Fenwick trees were invented for context modeling with arithmetic coding. Reads and writes are perfectly balanced. For every symbol, there's one write to update the model and one read to determine the cumulative probability.

randartie · on Sept 16, 2012

You're right, this technique is useful when the ratio of reads to writes is just right!

joe_the_user · on Sept 16, 2012

Hmm...

    A Fenwick Binary Indexed Tree allows you to calculate 
    the sum of elements in an array for any given index 
    range in O(Log(N)) time

I can modify a B-tree so each branch node keeps track of the sum total of values of nodes under it and the absolute number of nodes under it. It's pretty easy to find the sum of elements within a range, the range of elements that equal a given sum and so-forth. All O(log(n)).

Why the weirdo data structure?

pjscott · on Sept 16, 2012

It's not just B-trees (and really, it would be simpler in a binary tree instead of a B-tree). In general, you can get those same asymptotic times with any balanced tree that stores at each node its number of children and their sum. The term for this kind of data structure is a monoid-cached tree, and it's a broadly useful pattern for doing fast incremental updates in a lot of different situations. Guy Steele has a few good examples in this talk (slides linked below the video):

http://vimeo.com/6624203

utopkara · on Sept 16, 2012

Obviously, B-trees have many other uses. But, i) Fenwick algorithm is more efficient when it comes to the hard numbers (the k is small), ii) it is very easy to implement.

randartie · on Sept 16, 2012

The implementation of that b-tree is actually pretty difficult (I've attempted in the past, but it depends on your skill of course) and the constant factor is much larger. (It's somewhat difficult to implement because when you remove a node, tricky things happen and you need to keep the sub-tree sizes consistent).

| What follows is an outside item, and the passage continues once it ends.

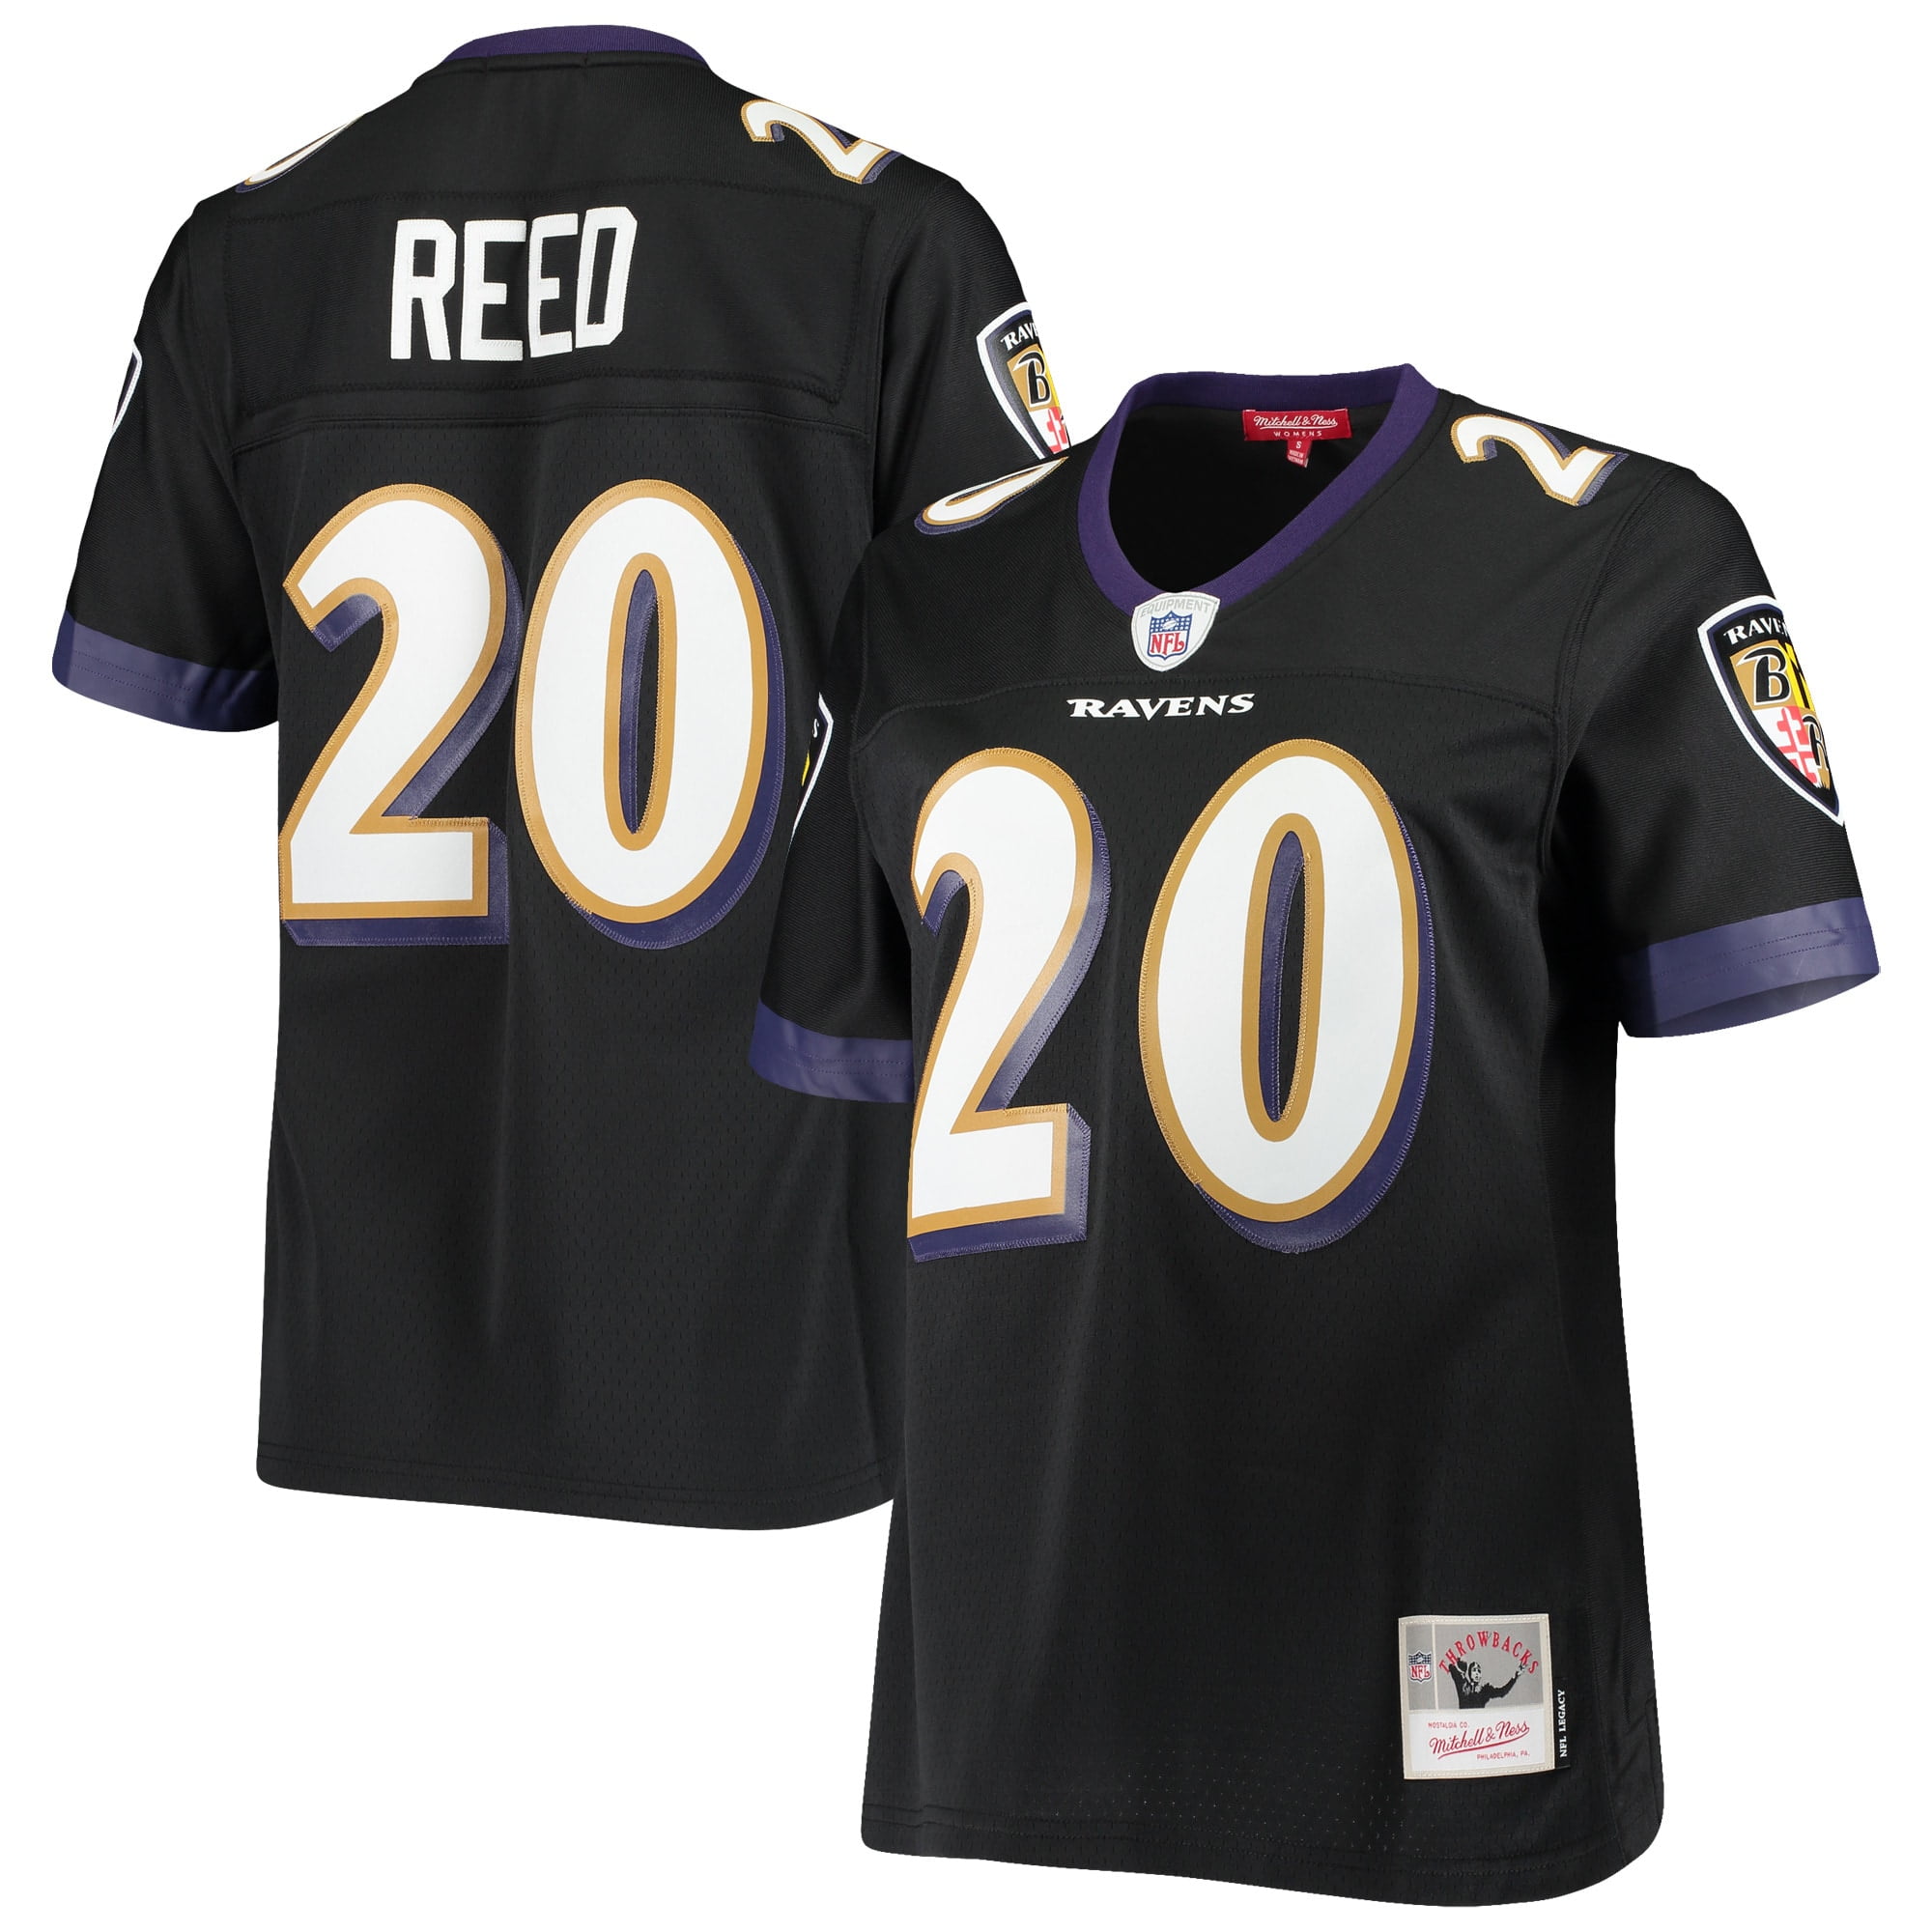 ed reed jersey mitchell and ness

Granted, whatever floats your boat!

digitalnalogika · on Sept 16, 2012

I used this structure (although I knew it by totally different name) a lot in time constrained contests, the code is very short and easy to implement.

Also:

  idx -= (1 << ctz(idx));

I used to write this as:

  idx -= idx&-idx;

joe_the_user · on Sept 16, 2012

Sure B-trees are hard to write from the ground up but there are plenty of good implementations already the Internet that can be modified.

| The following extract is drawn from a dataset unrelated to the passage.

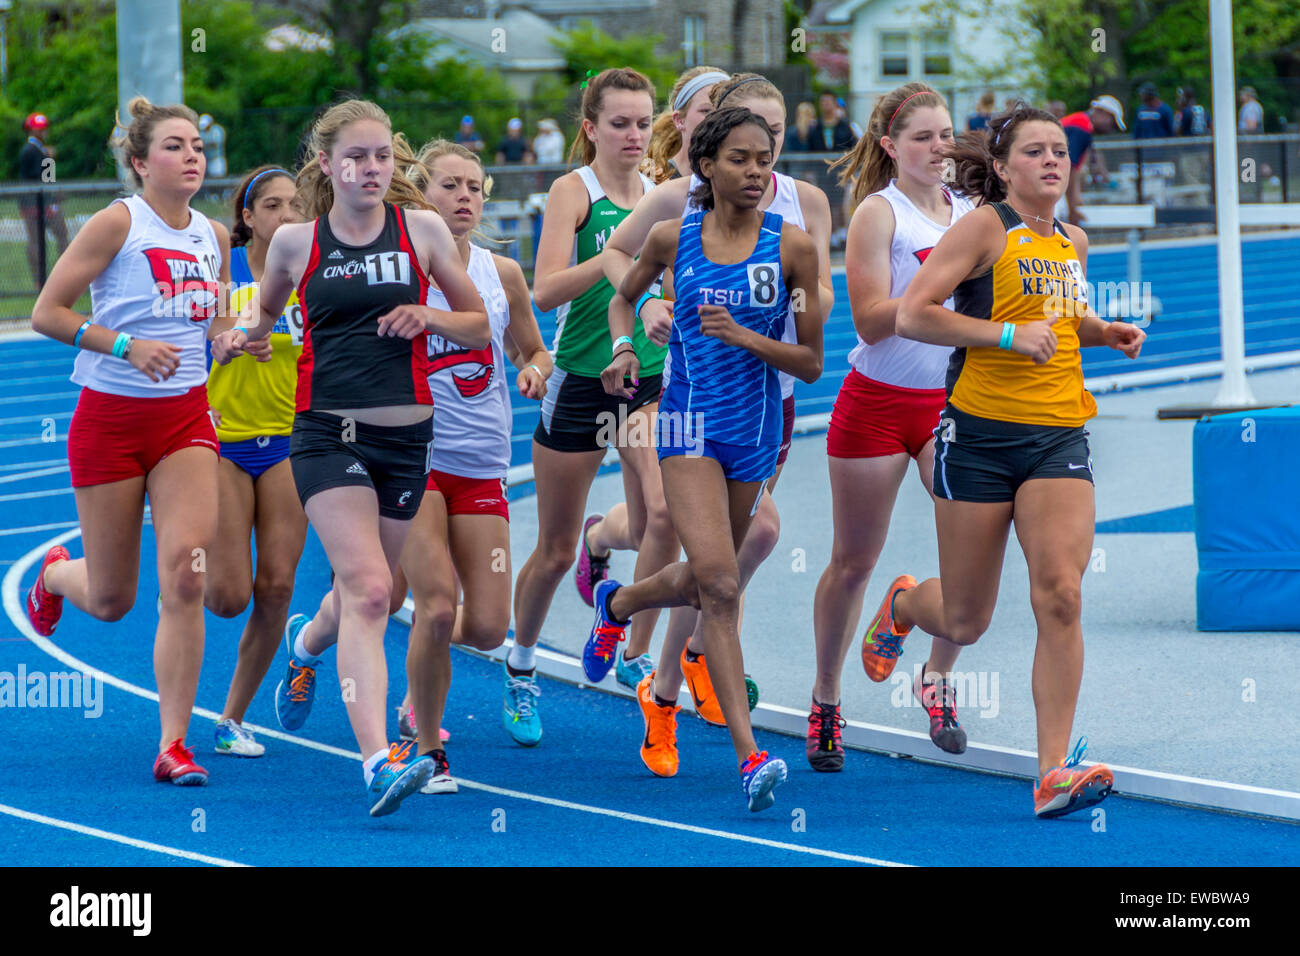 Foot race for women at the Kentucky Relays.  This was held at the University of Kentucky with outdoor track and field Stock Photo

The extra functionality is a simple enough addition to any binary-tree-type data structure that I was annoyed that Boost/Qt didn't have it already included.

zvrba · on Sept 16, 2012

> Sure B-trees are hard to write from the ground up but there are plenty of good implementations already the Internet that can be modified.

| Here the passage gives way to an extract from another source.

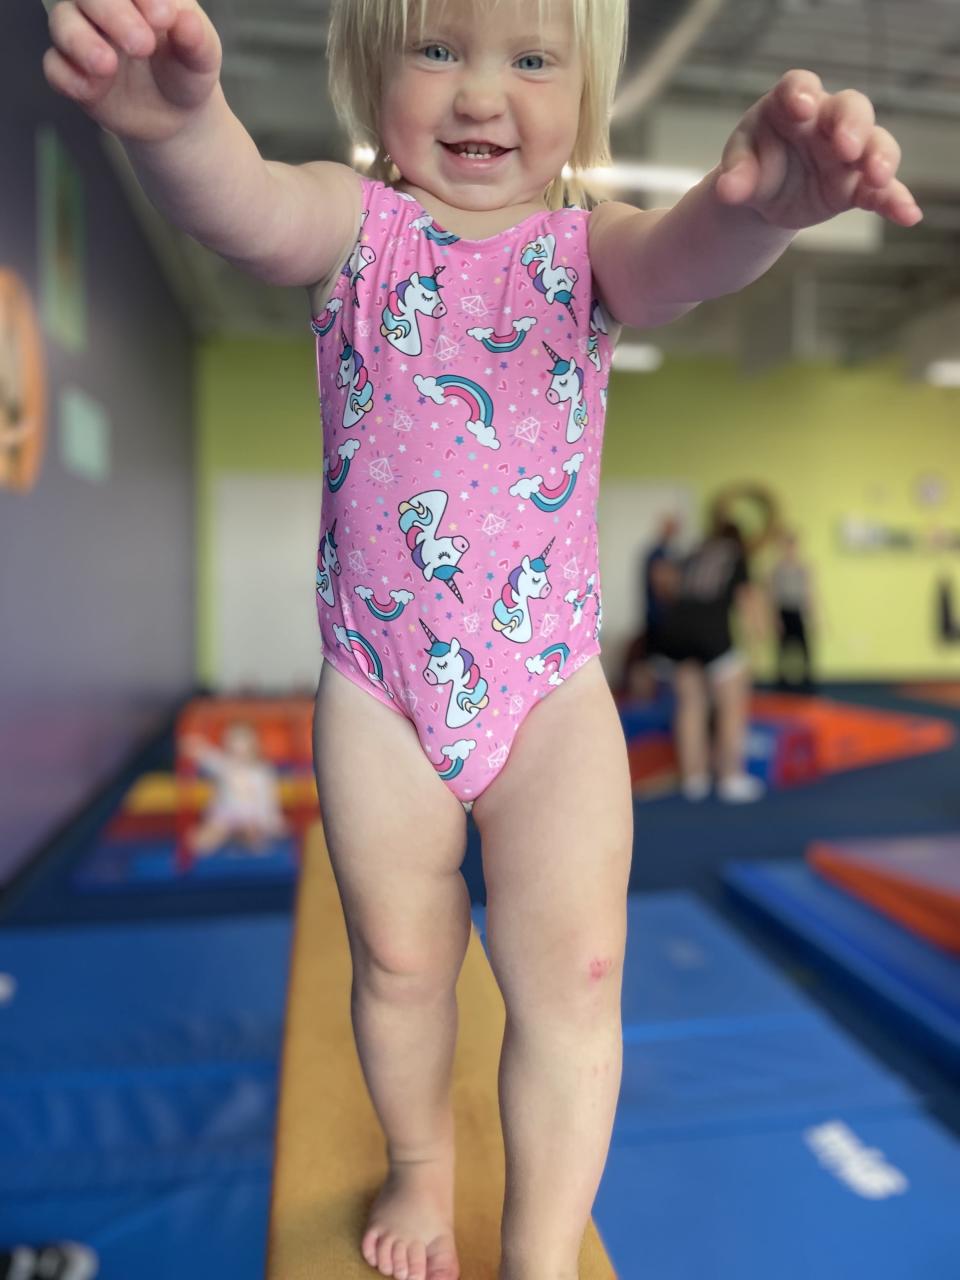 the author's daughter at gymnastics

Care to name some, also having a non-restrictive license? (That excludes GPL).

joe_the_user · on Sept 16, 2012

Try

http://www.touc.org/btree.html

This c++ template is fairly simple and I have tested it a reasonable amount.

bo1024 · on Sept 16, 2012

As far as I can tell, this is almost the exact same idea, but makes some optimizations by flattening the tree into an array ahead of time (since we know every leaf will be present) and changing the bookkeeping slightly.

joe_the_user · on Sept 16, 2012

I would imagine...

But the method I give is pretty generic rather than special-purpose. Such a generic method have both the advantage that they can be extended relatively easily and the advantage that you can understand what's happening relatively easily, allowing easier debugging.

chengsun · on Sept 16, 2012

This useful data structure confusingly goes by several different names.

Binary indexed tree: https://community.topcoder.com/tc?module=Static&d1=tutor...

Cumulative frequency table (which interestingly enough Simon Tatham claims to have independently invented): http://www.chiark.greenend.org.uk/~sgtatham/algorithms/cumul...